By-products like broken rice and husk that are generated during the conversion process have a realisable market value, and are retained by the rice millers as per the policy of the Central government. In return, the Central government recovers the market value of by-products at rates fixed in 2005 on the basis of a report submitted by the Tariff Commission (TC), Department of Industrial Policy and Promotion, Ministry of Commerce and Industry, Government of India.
It is intriguing, however, that these rates have neither been revised thereafter, nor is there any provision for yearly increase in the by-product recovery rates. The CAG report, based on the data available from Andhra Pradesh, Telangana, Uttar Pradesh and Chhattisgarh, has pegged the loss to the Government because of non-revision at Rs 3,743 crore. What is more, since the data from other states has not been taken into account, this figure may actually go up.
The CAG has also scathingly remarked that the Central government has been allowing one percent extra allowance to the rice millers of Punjab not on the basis of expert scientific opinion, but because of the concerted pressure put on the government by the rice miller association of Punjab. This is nothing but a hijacking of the policy-making function of the government by powerful groups.
Further, the report also highlights the abuse of rules and procedures by katcha arthias (intermediaries in the process of grain procurement). It observes that, while paying farmers, these intermediaries do not take into account the authenticity of the farmers’ land holdings, possible doubtful identities of farmers, the delivery of paddy in excess of the land holdings, and other issues.
Citing the example of Haryana and Punjab, the CAG has observed that under Punjab Agricultural Produce Market (General) Rules, 1962, the katcha arthia shall make payment to the seller through account payee cheque or by electronic transfer after the weighment is over. However, in Punjab and Haryana, during KMS 2011-12 to 2013-14, FCI had purchased 2.32 LMT paddy valuing Rs. 296.64 crore, but had not obtained the details of farmers, such as the name of the village, bank account number, phone number, details of purchase and details of payment along with acknowledgment of farmers from the katcha arthia. This oversight is in direct violation of the instructions of the government of India. It also casts doubt on whether the actual MSP was given to the farmers or not, for we often encounter cases where katcha arthias buy paddy from farmers at a rate lower than MSP and charge the government at MSP.
At the end of the report, however, the CAG has given some suggestions, and most of them have even been accepted by the government.

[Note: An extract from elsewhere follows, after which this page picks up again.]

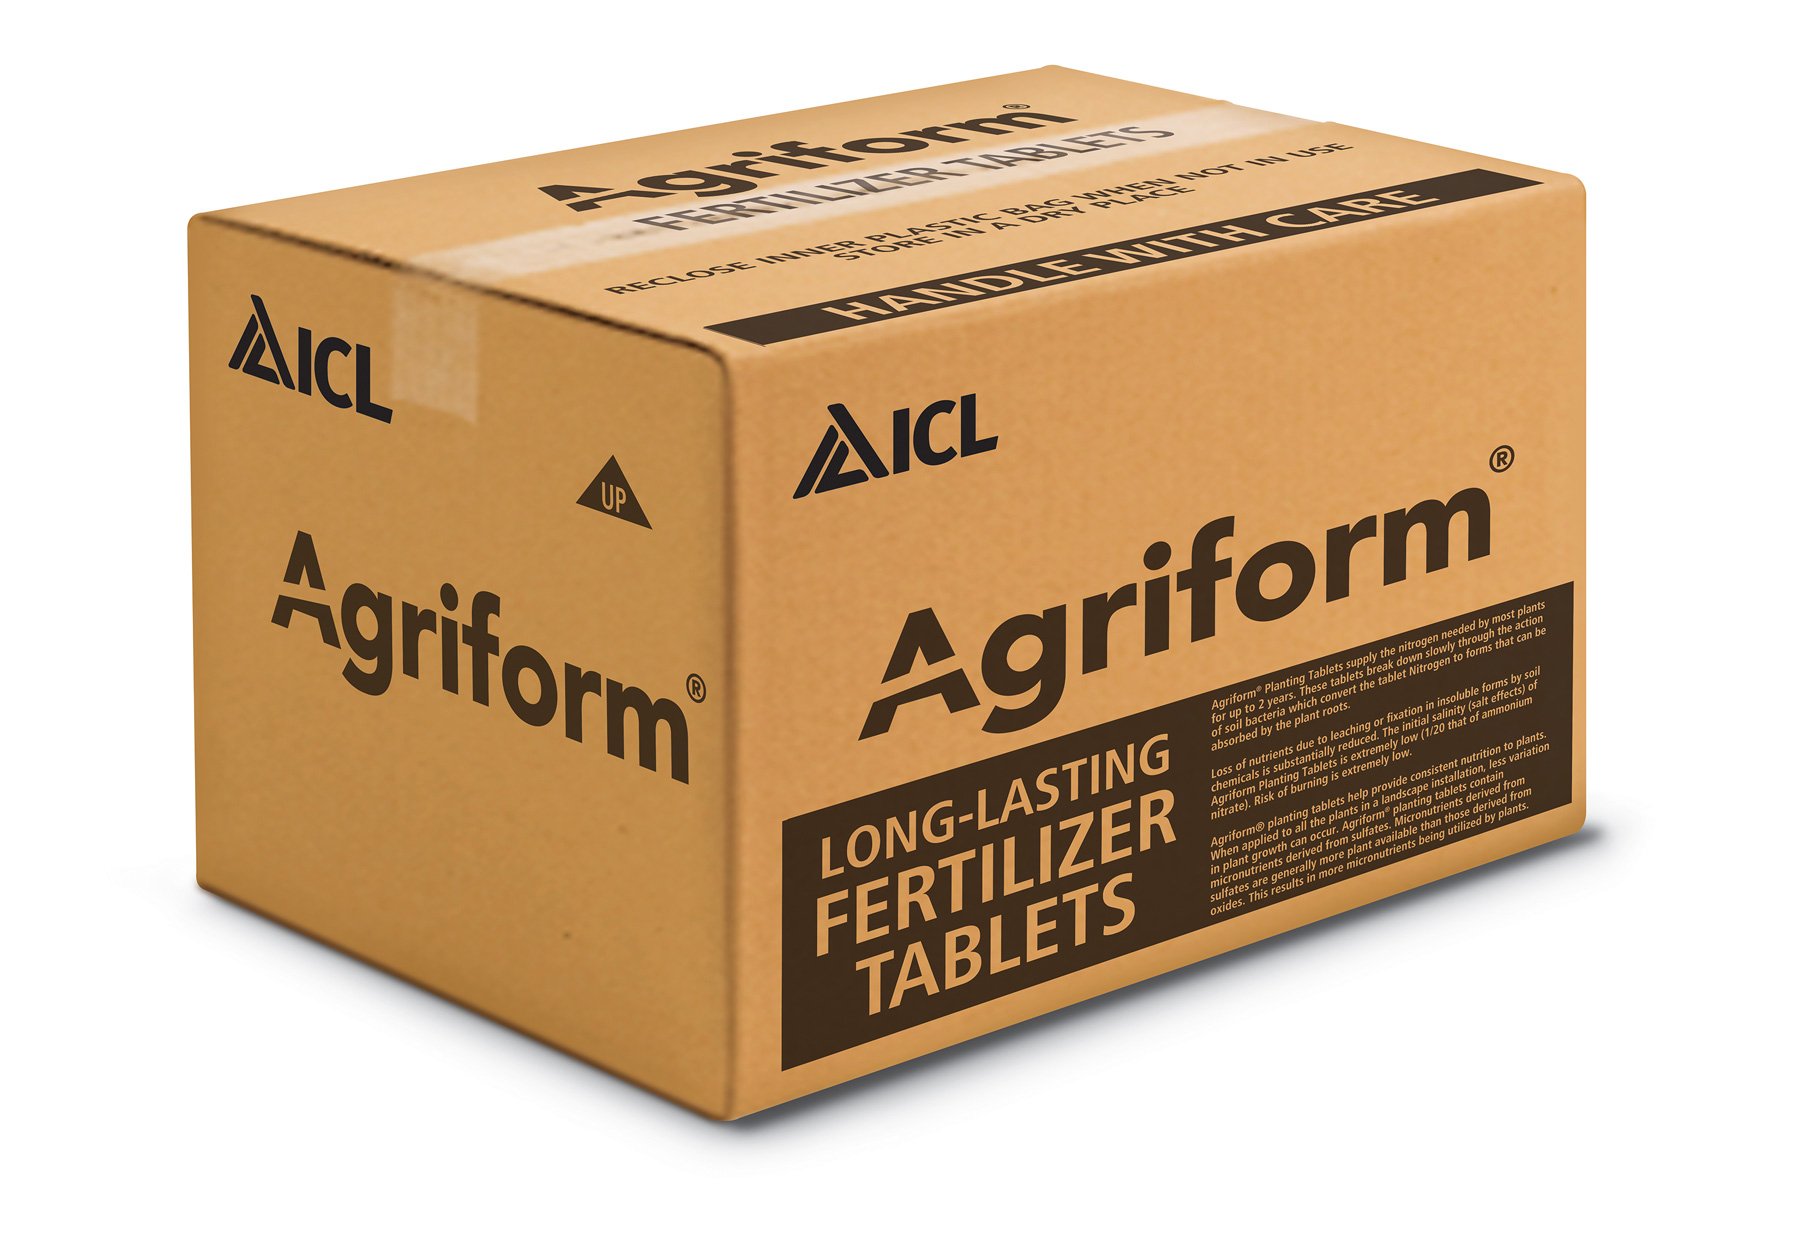 Agriform 20-10-5 1-2yrs 10 gram 1000/case - Controlled Release CRF

The government may have good intentions in accepting the recommendations. Yet the deficiencies in the policy of paddy procurement and implementation highlighted by the CAG in its report still raise some important questions:
Who should be held accountable for the losses incurred by the Central government because of flaws in the policy of paddy procurement and implementation? Is it not the case that the government is guilty of breaching the trust of the public by not putting in place proper policies and better implementation mechanisms?
Is it not that the non-revision of the prices of the by-products generated during the processing of paddy forces us to draw the conclusion that the government has colluded with private rice millers to defraud farmers and poor?
Finally, even if some recommendations of the CAG are accepted, what is the guarantee that the government will implement them in a timely manner?
The government owes the public the answers to these questions.